▶ Supplied material
☆ ☆ ☆
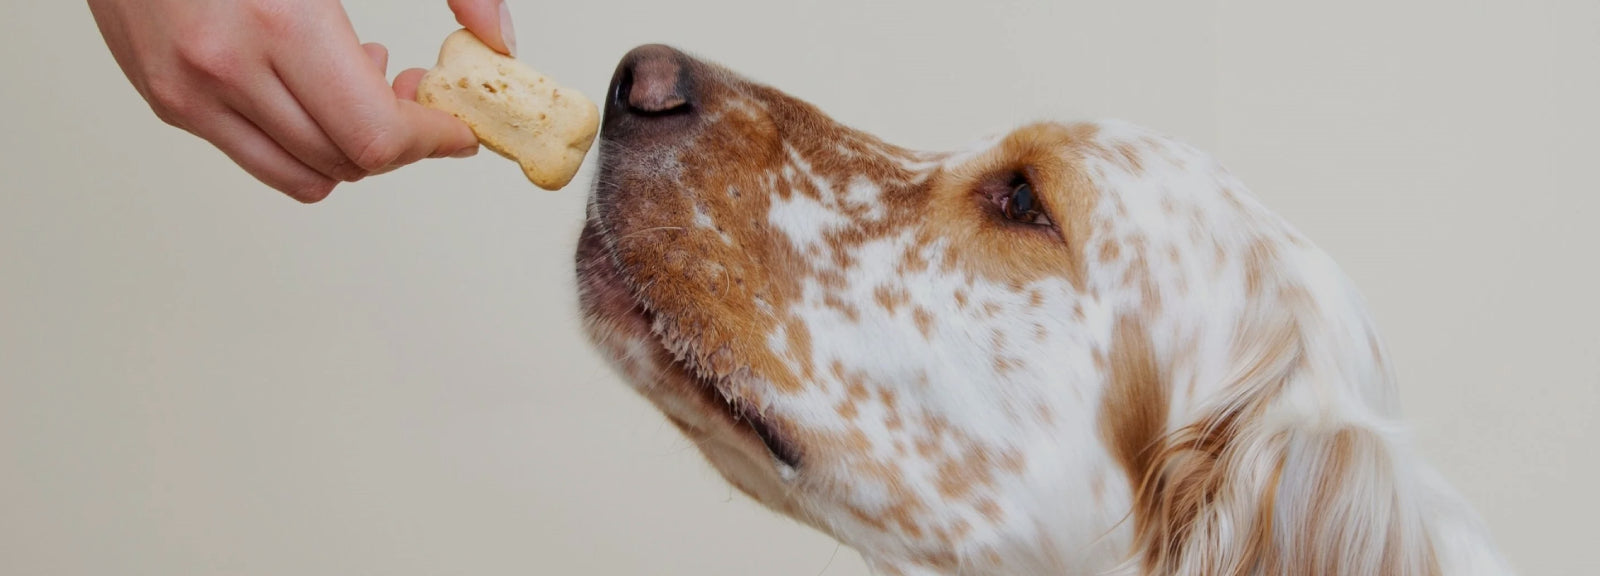 Biscotti per cani: golosi premi artigianali e naturali
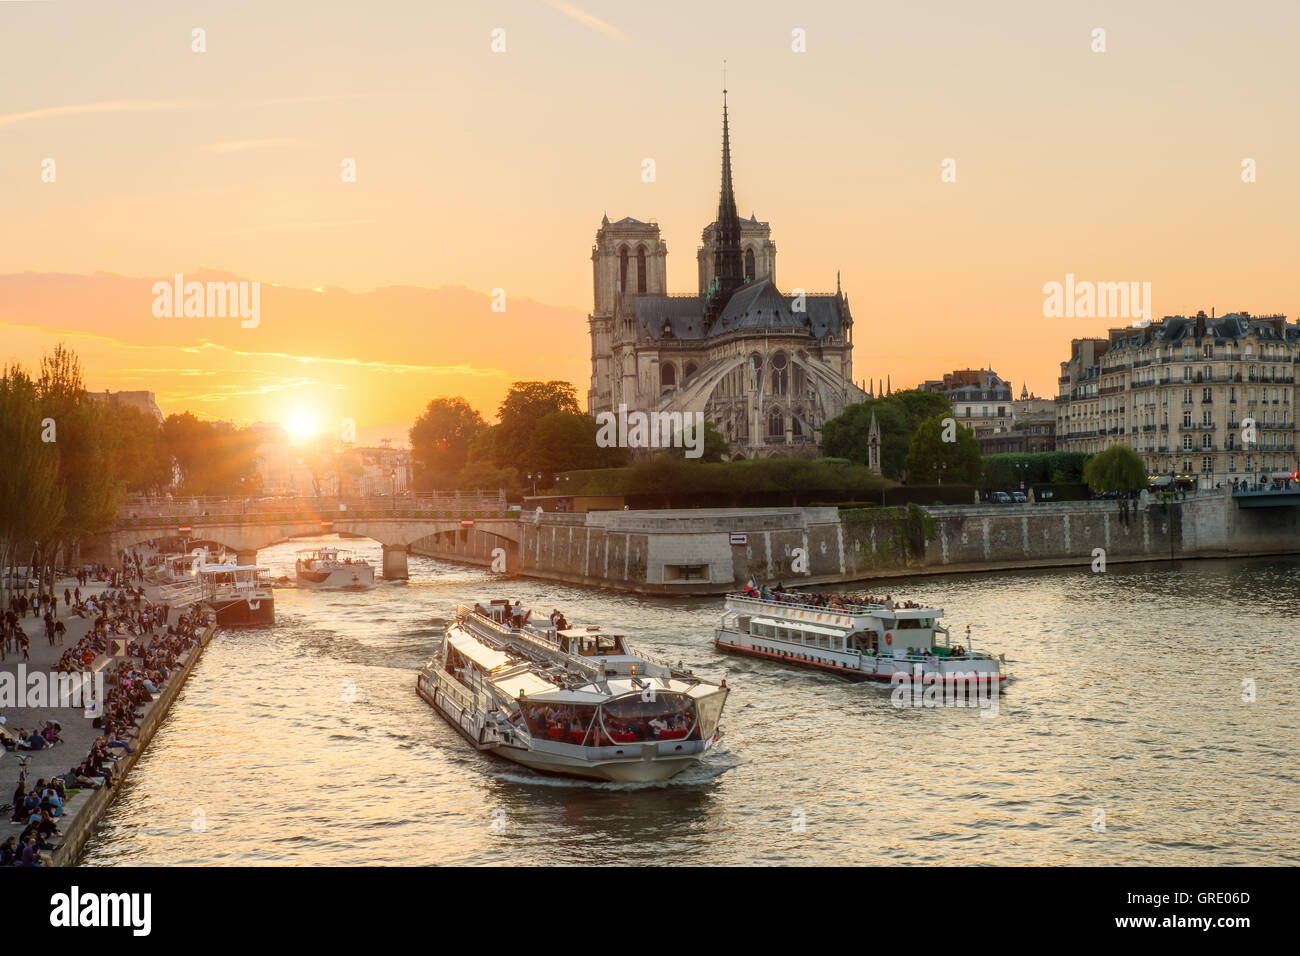 Notre Dame de Paris cathédrale avec bateau de croisière en Seine à Paris, France. Magnifique coucher de soleil à Paris, France Banque D'Images
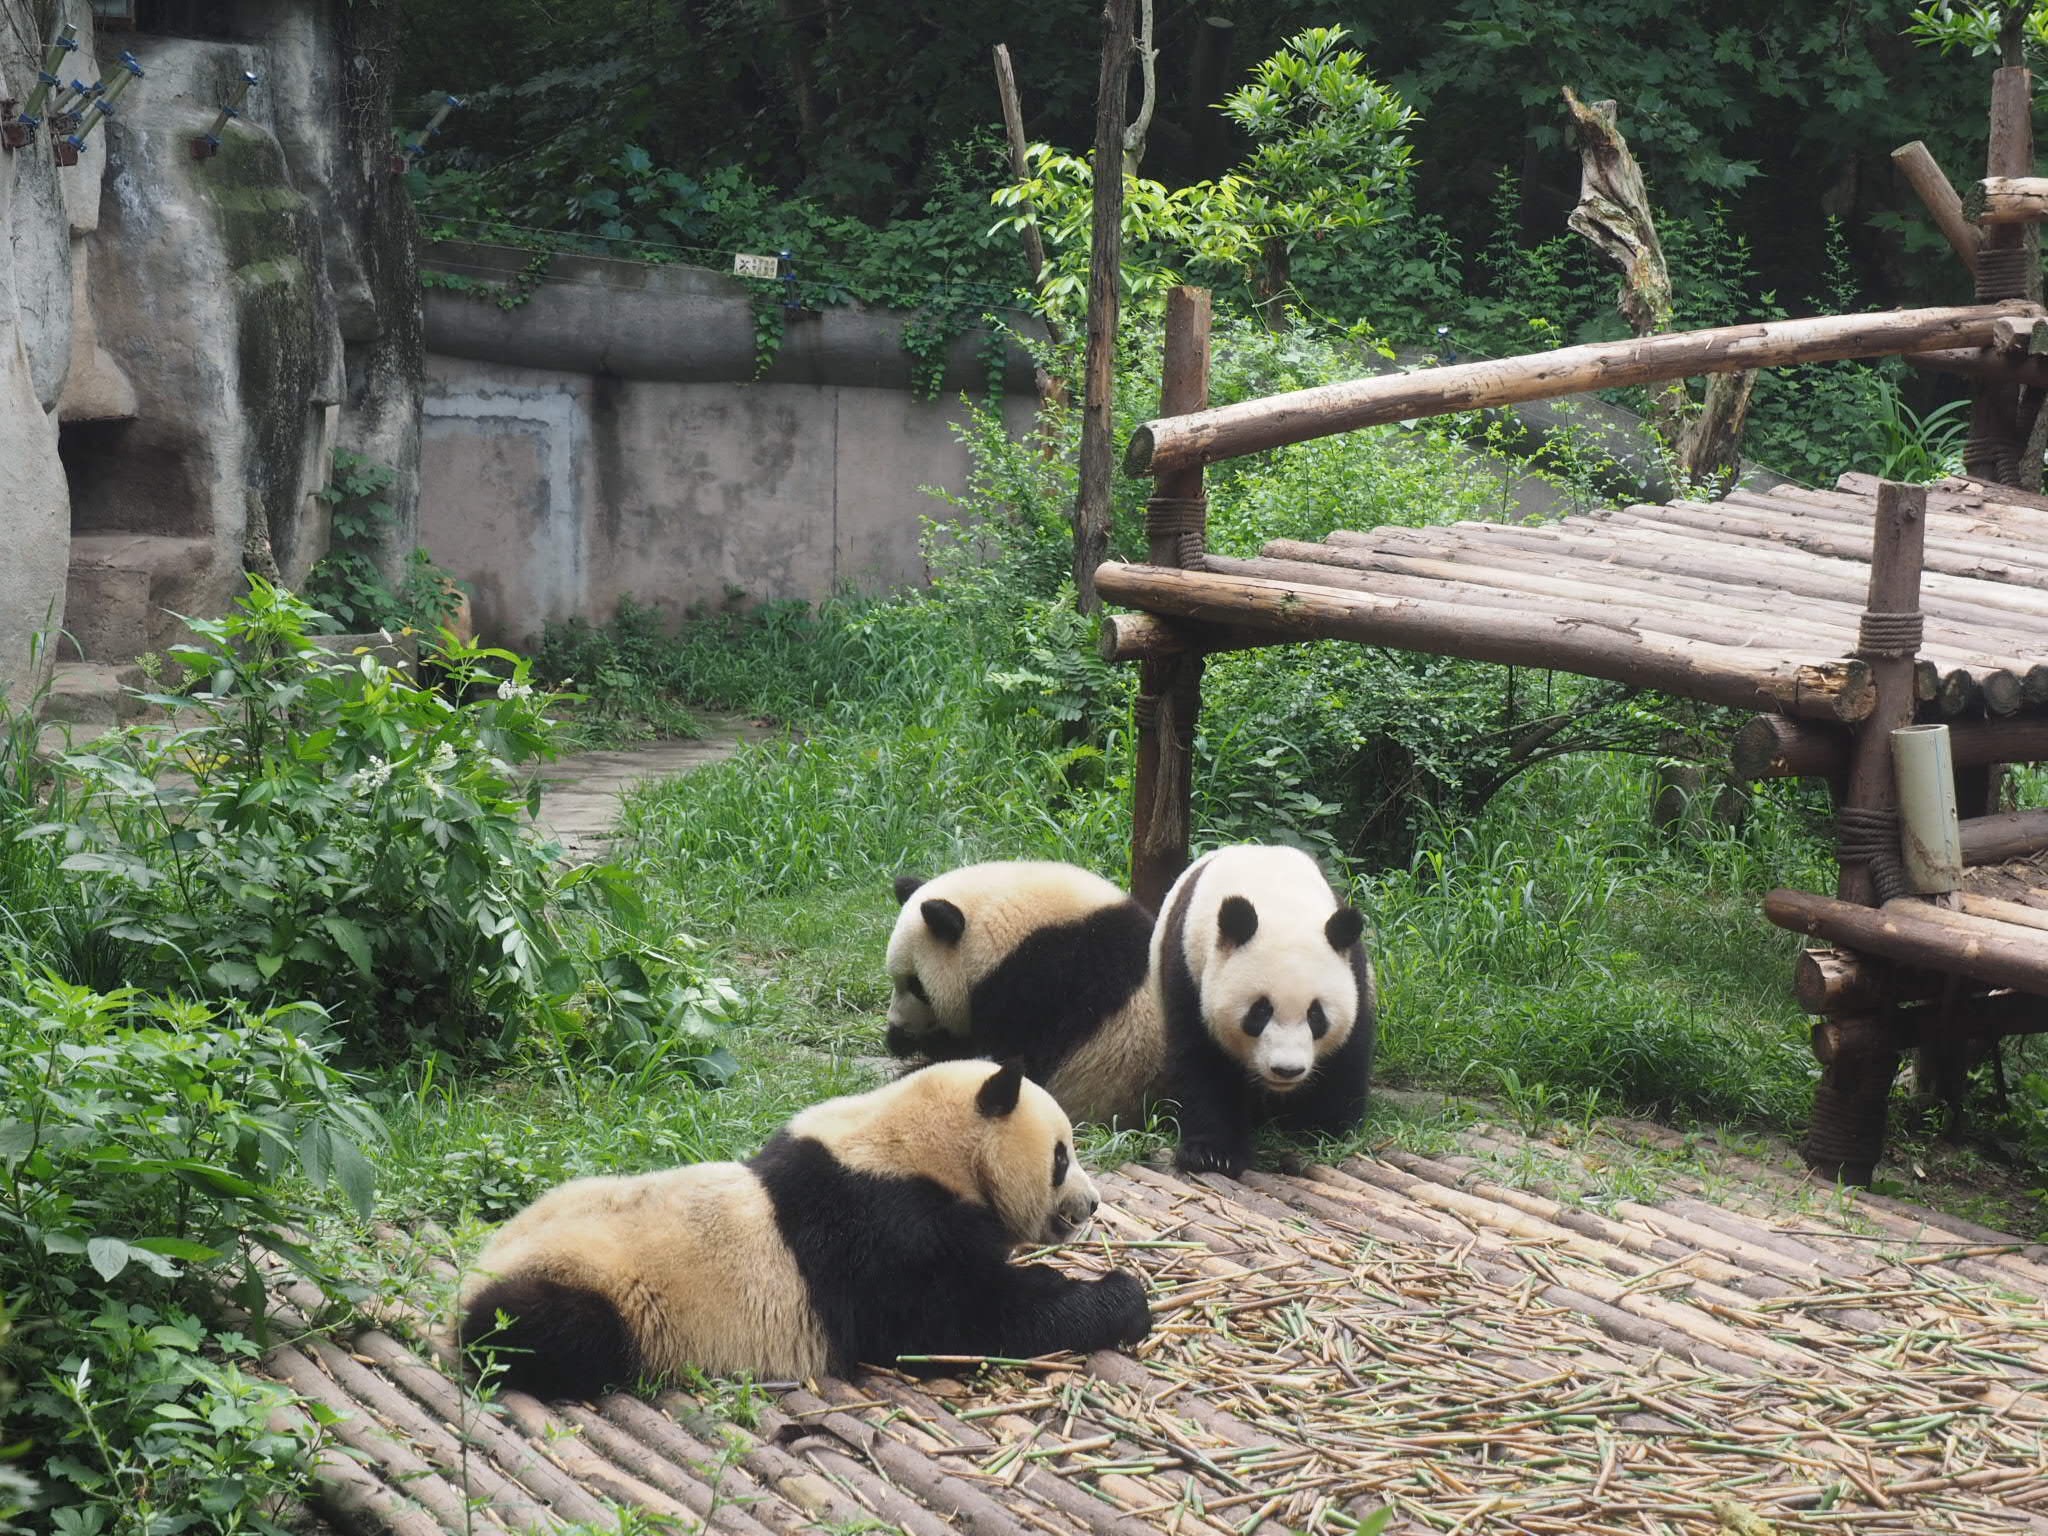 panda tours china
☆ ☆ ☆
▶ Task objective
The answer must be the full listing, exact in every line, with the pictures removed.

▶ Your response
 Biscotti per cani: golosi premi artigianali e naturali
 Notre Dame de Paris cathédrale avec bateau de croisière en Seine à Paris, France. Magnifique coucher de soleil à Paris, France Banque D'Images
 panda tours china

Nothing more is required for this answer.